Towards an age of neuron speed
In the end, it looks as if the semantic core of a linguistic form takes about the same time to express, whatever the media. Speed as a dimension of human language production and reception simply ties in with the constant concern in human affairs to save time, boost efficiency, and gain in productivity, while also addressing human frailties and limitations. The critical feature facing us now is this: in an AI-fueled content future, where will the critical synapses occur for acceleration or compensation in language production, reception, and comprehension?
One such seismic shift in extreme communication could be intra-brain language manipulation, still in its infancy and highly science-fictional. Experiments have been carried out to link brain stimulation directly to language processing. The idea would be to enable brain- or otherwise damaged individuals to send messages straight from their brain to a display device, bypassing such organs of eloquence as mouths, tongues, and larynxes, or fingers, keyboards, and pens.
The further ambition is that we will somehow be able to exchange “speech” (or linguistic content) directly — and hence super-fast — from one brain via an artifical network to another brain. In a sense this would be the end of articulated, expressive, linear language as we know it.
This potential technology also raises the critical issue of the “deprivatization” of thought. Brain-to-brain could mean there would be no personal ego left to fashion the rhetoric of what we wish to say to someone: our raw “thoughts” would in a sense be uncontrollable. And would there be different languages to negotiate?
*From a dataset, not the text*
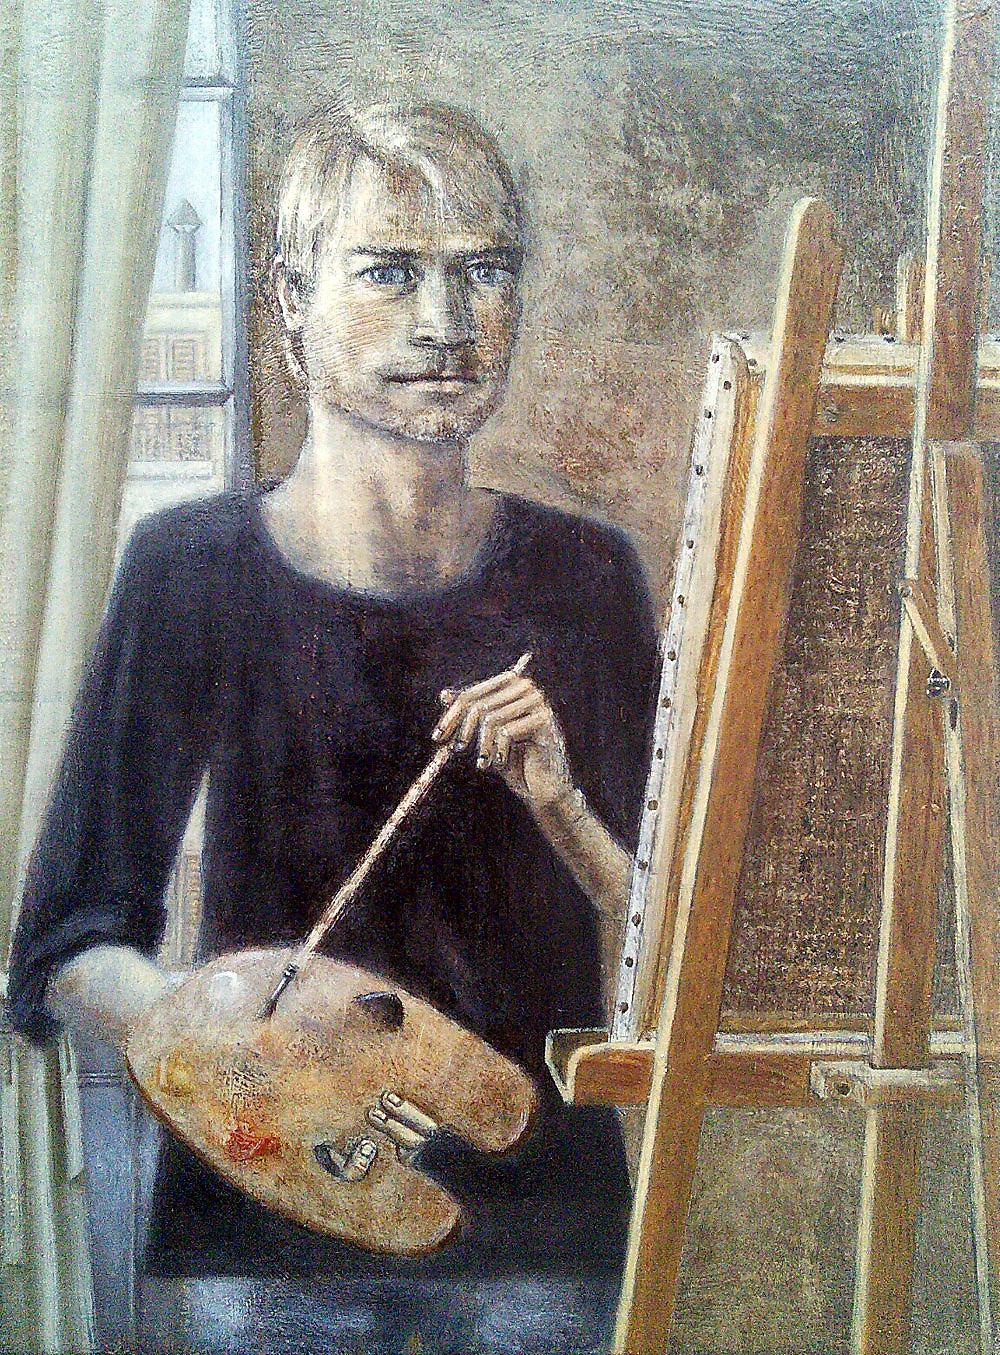 """Self Portrait in Autumn, 2016, oil on linen, 33x24cm"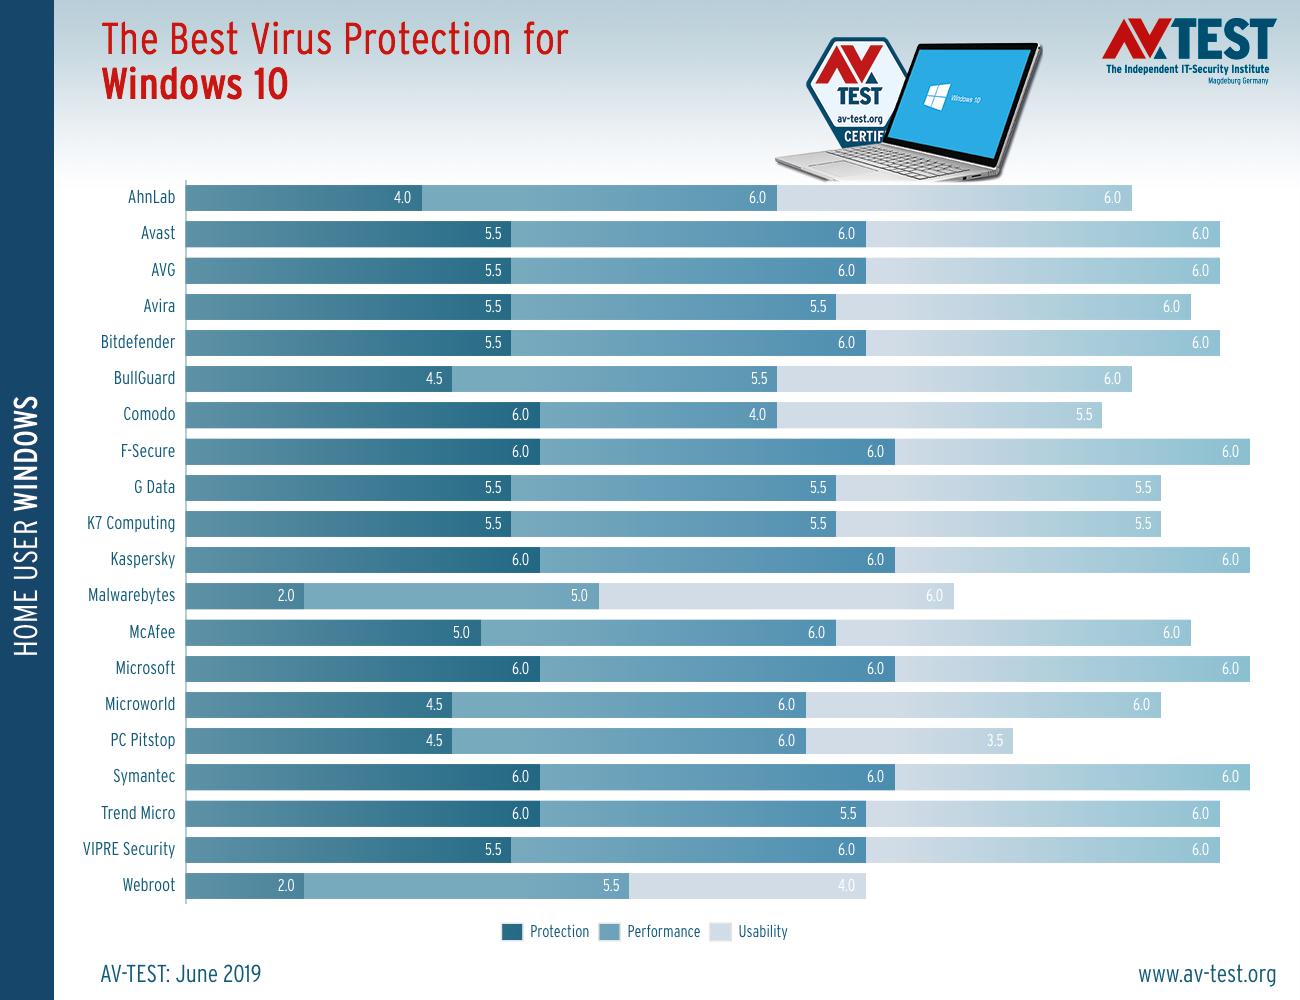 To Windows Defender της Microsoft είναι πλέον μια από τις καλύτερες εφαρμογές antivirus στον κόσμο Micros15

Future brain scenarios raise the prospect of sharing at speed a conceptual idiom, abolishing the need for uttering a linear sequence of sounds and intonations. Yet there would surely have to be some vehicle for negotiating our relations between two brains — the neural equivalent of a conversation. It is also possible that the brain doesn’t just represent existing information in some form, but actively constructs it in a constant flow. What kind of world would it be if we are all swirling our thought lines through virtual space instantaneously?
This should have taken about 23 minutes to read…!!